Ni laide ni belle, la scène a tout du document pris sur le vif.
Enfin, des éléments liés à la peinture du travail et aux réalités industrielles et urbaines du Paris moderne
du 19ème siècle trouvent leur place dans la description : « le bruissement de la vapeur », les « plaques de
tôle », les « magasins/chantiers/usines » montrent le nouveau visage de la capitale actuelle, alors que les
monuments les plus prestigieux « Notre-Dame » sont à peine cités sans être décrits, sinon comme des
« édifices » « à travers un brouillard ». Il y a donc un refus de l’exceptionnel et du sujet noble et une
préférence pour des éléments ordinaires, sans éclat.
Sur le plan du milieu social dans lequel on se trouve, la foule mêlée est ordinaire et sans distinction (« des
gens », « personne »). Des travailleurs (« les marins ») sont désignés en passant. Le personnage central est un
petit-bourgeois provincial banal. Ni « son oncle », ni « sa mère » ne sont caractérisés par des traits originaux. A
priori, c’est un personnage moyen, tout à fait vraisemblable.
Tous ces choix d’écriture manifestent le réalisme de Flaubert.
II La Mise en place du personnage central et les attentes
En deux paragraphes (4/5), les éléments de son portrait et de son action sont mis en place.
Pour le portrait, on le distingue d’abord par son attitude « immobile » à une place isolée, ce qui le détache de la
vue d’ensemble.
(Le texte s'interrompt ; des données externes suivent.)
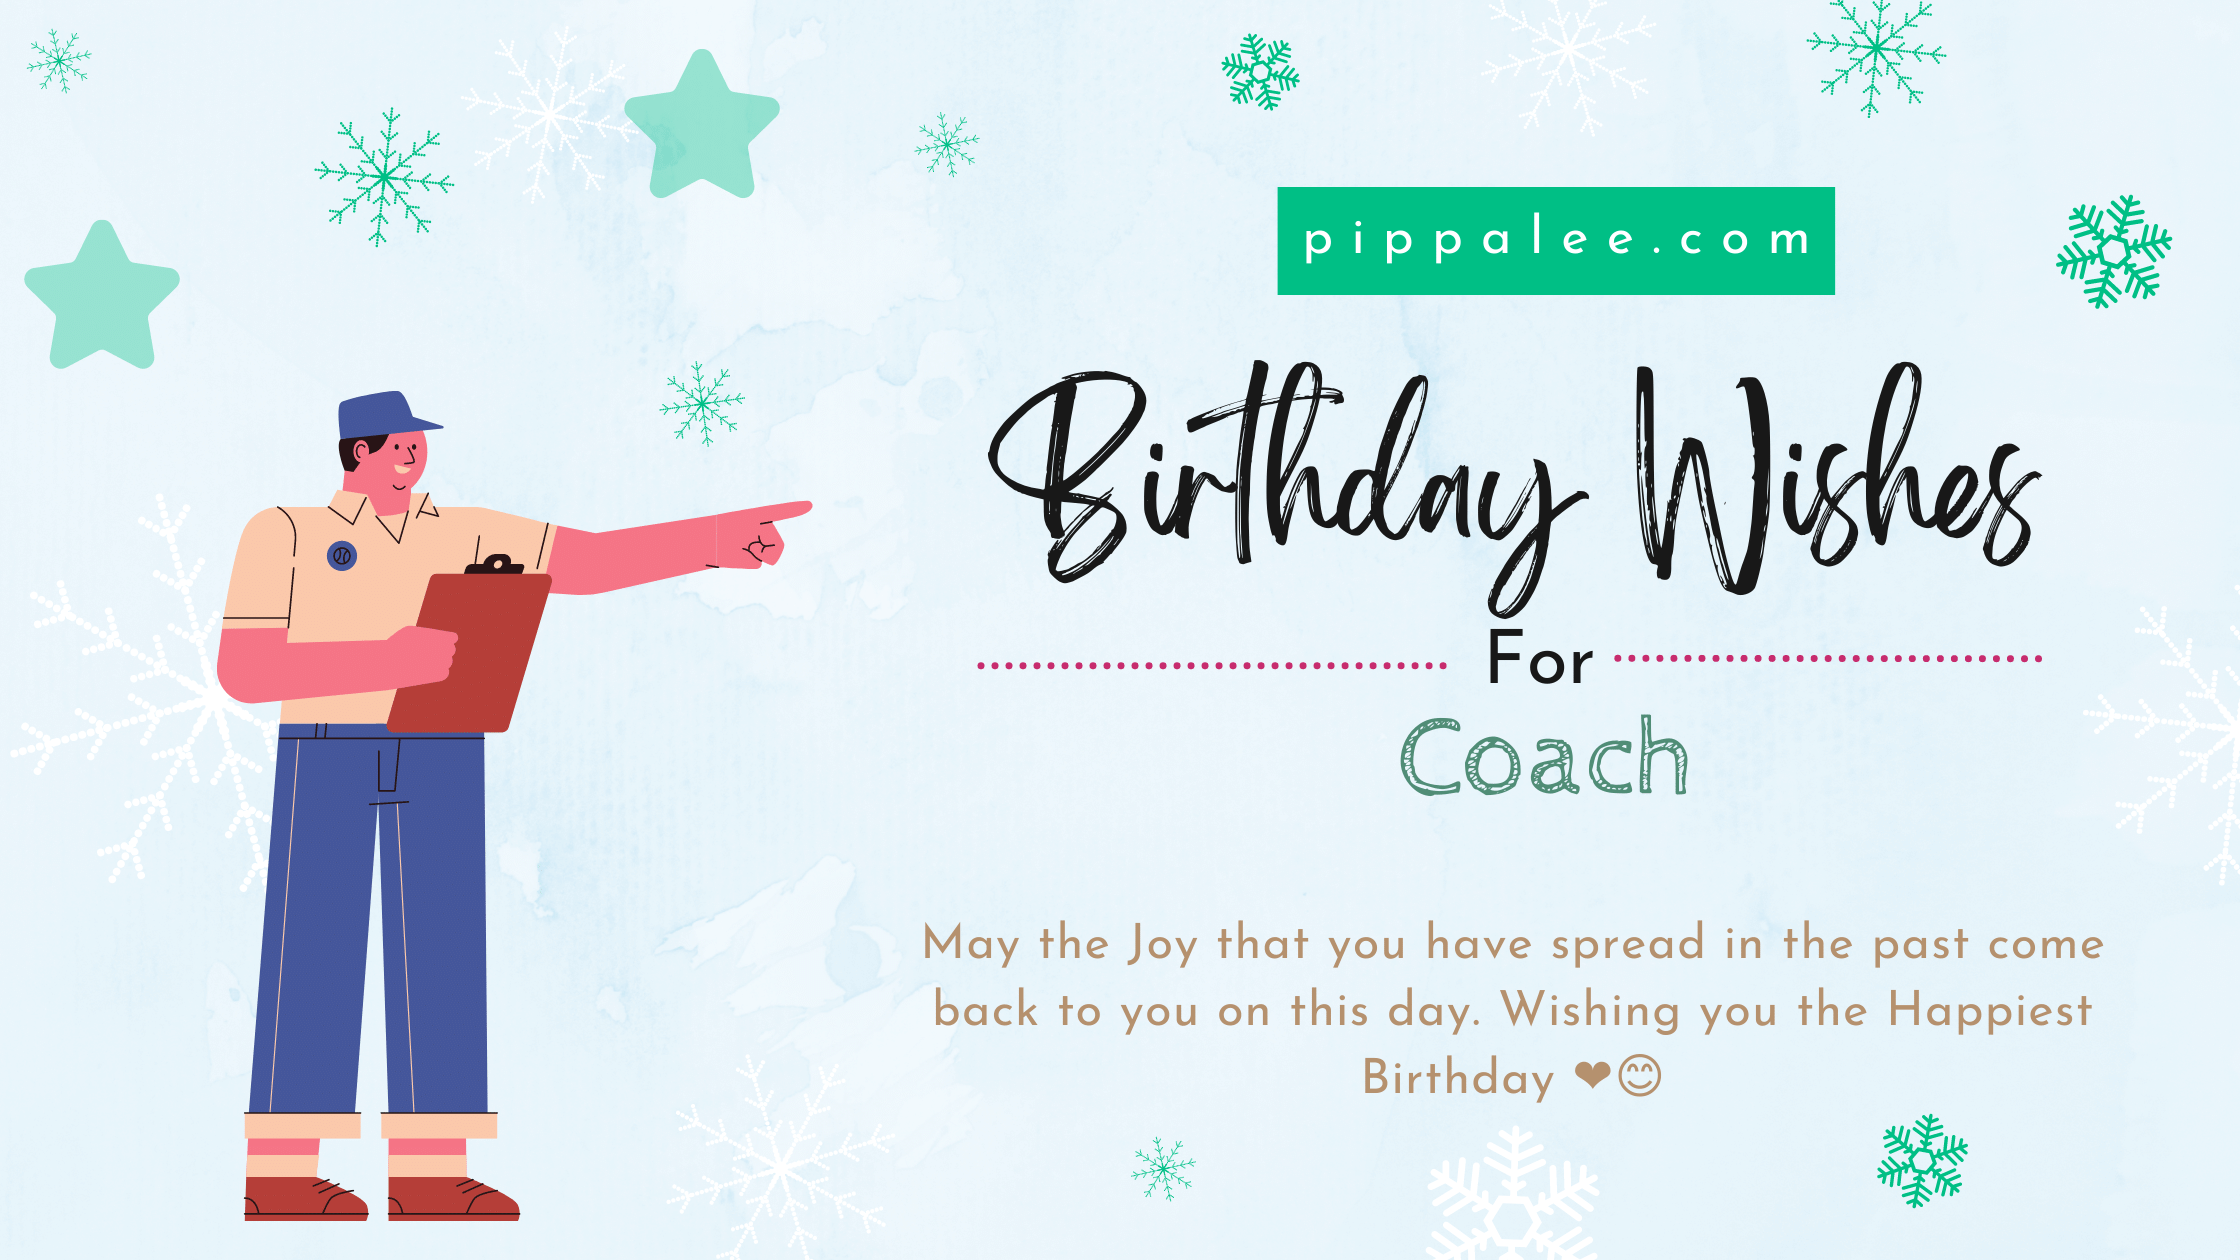 Birthday Wishes For Coach - Wishes & Messages

C’est « un jeune homme de 18 ans » dont les « longs cheveux » annoncent le statut d’étudiant et
la mode de l’époque pour la jeunesse. Le détail du « livre » sous le bras caractérise aussi ce statut. Il a l’air de
poser pour le pinceau d’un peintre, un peu artificiellement.
Pour l’action, le narrateur fournit quasiment son état-civil : un nom assez commun, un diplôme et des études
courantes en vue (« faire son droit » expression en italiques) un programme banal : il passera des vacances (deux
mois) à son domicile avant sa rentrée. On comprend que son budget est moyen sans être dramatiquement
insuffisant puisque ses études ne sont pas compromises : la « somme indispensable » pour une visite auprès d’un
« oncle » à héritage le prouve. Le thème de l’argent, de l’économie et des calculs familiaux est introduit pour la
suite, et cet héritage à venir ou non est peut-être une piste.
D’autres éléments psychologiques offrent aussi des pistes : la capitale l’attire sans qu’il la connaisse très bien
(« dont il ne savait pas les noms »/ « se dédommageait de ne pouvoir séjourner ») et sa province l’ennuie
(« languir » indique ce thème). Son « dernier coup d’œil » et son « grand soupir » montrent cet état d’esprit ainsi
que le choix de la « route la plus longue » pour faire durer le voyage.
On peut imaginer que le contraste entre la province et Paris sera important dans son histoire, que des désirs
ambitieux et mondains le traversent vaguement. Cela dit, il se laisse tout de même porter par ses obligations et ne
semble pas du tout au désespoir : un personnage aux émotions moyennes, donc, sans héroïsme particulier. C’est
ici que le sens du titre peut nous servir : « Education sentimentale » annonce une formation, un apprentissage,
celle de la personnalité et des relations amicales ou amoureuses. On sent bien que F.Moreau est dans l’attente
d’un destin : il n’a encore rien accompli d’exceptionnel, et ses projets sont ordinaires. On peut se demander ce
qui va surgir en province ou à Paris dans deux mois pour modifier la dimension du personnage et de l’histoire.